Each line from the one holding "Cameron Highlands, Malaisie" to the last line below must be restated word for word, and no picture may be included.

Data segment:
▬▬▬▬▬▬▬▬▬▬

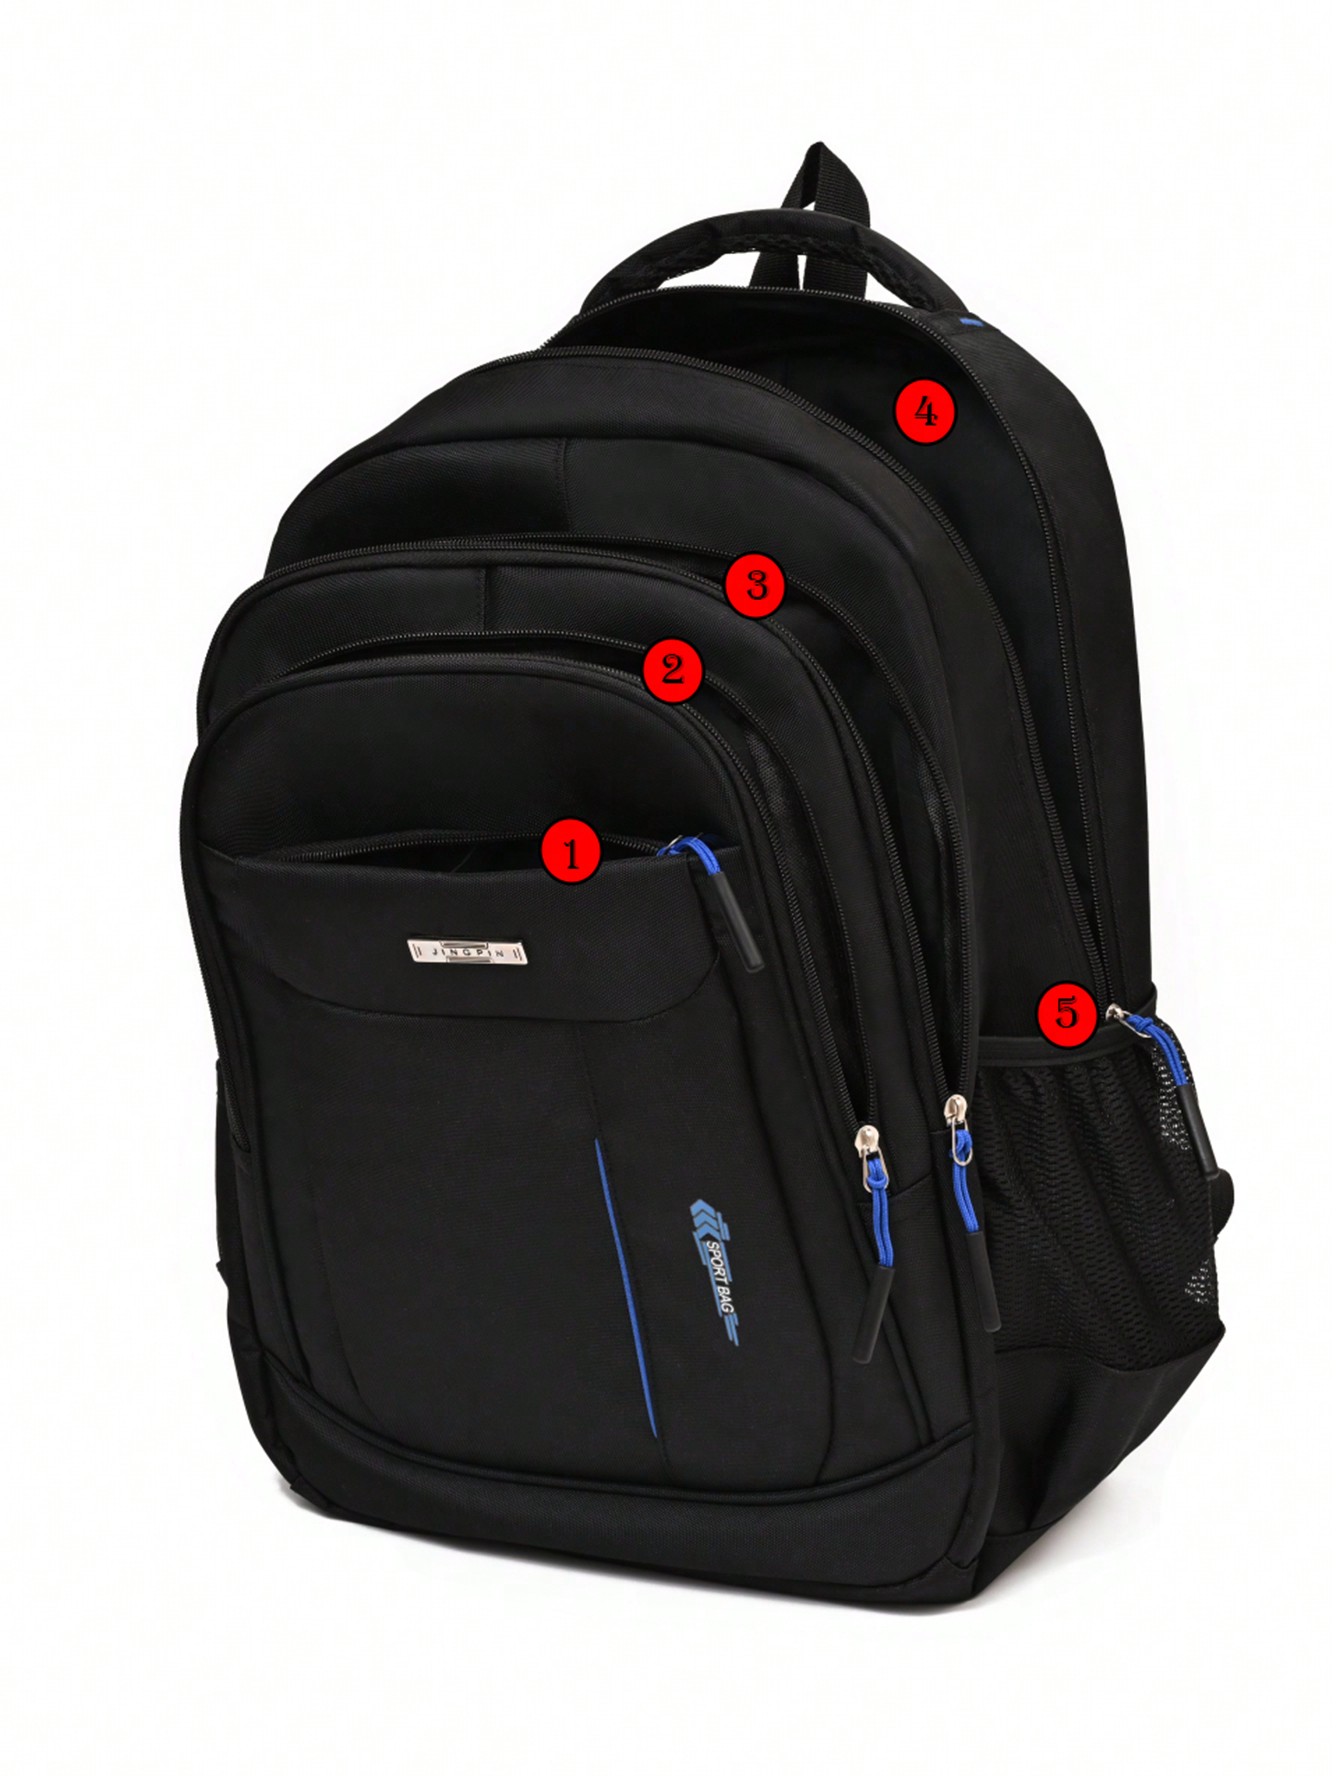 Усиленная водонепроницаемая сумка большой вместимости, синий женский рюкзак модная и элегантная сумка мягкий кожаный однотонный рюкзак на молнии удобная сумка для дам дизайнерский дорожный рюкзак
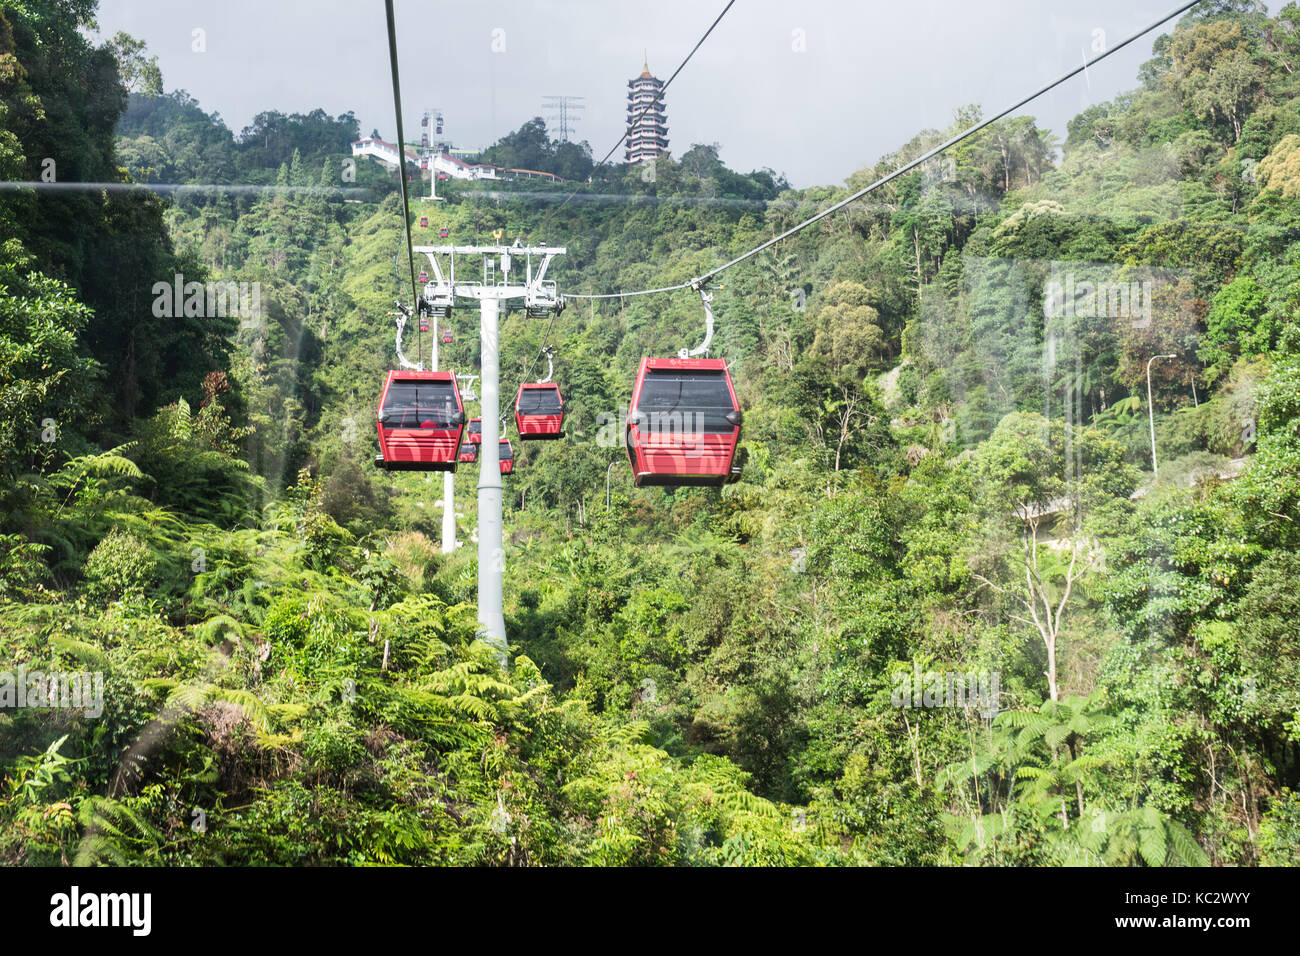 Cameron Highlands, Malaisie - février 11,2017 : touristes voyagent sur cable car de Genting skyway Banque D'Images
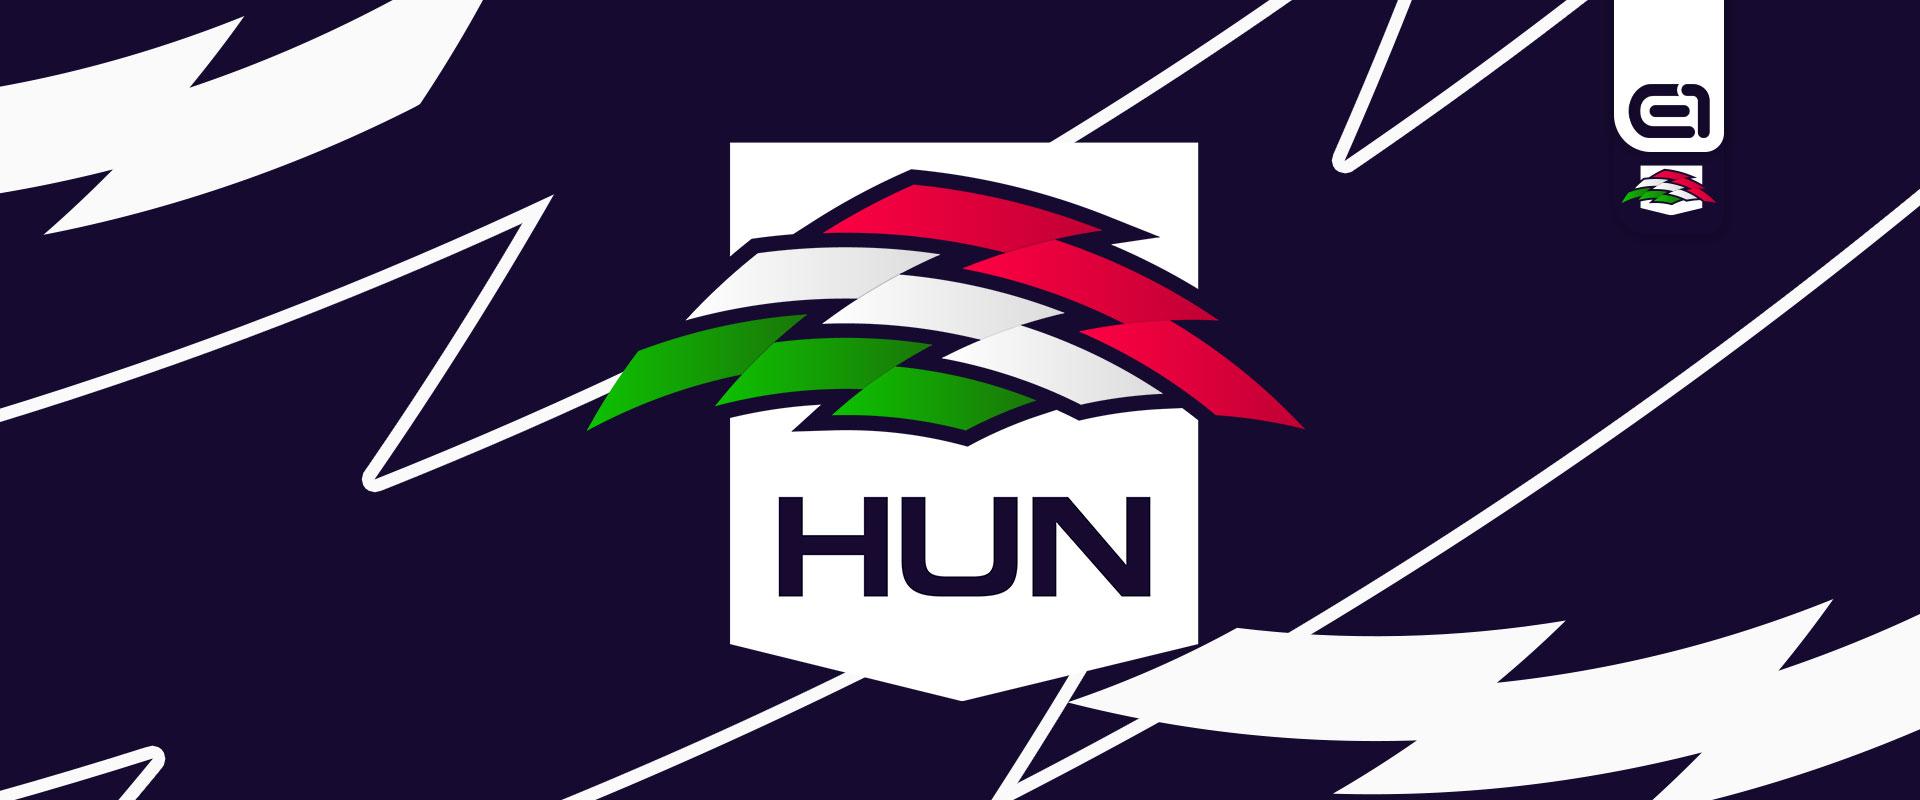 Folytatódik az egyik legizgalmasabb magyar e-sport projekt, visszatér a Magyar E-sport Válogatott

▬▬▬▬▬▬▬▬▬▬

Written solution:
 Cameron Highlands, Malaisie - février 11,2017 : touristes voyagent sur cable car de Genting skyway Banque D'Images
 Folytatódik az egyik legizgalmasabb magyar e-sport projekt, visszatér a Magyar E-sport Válogatott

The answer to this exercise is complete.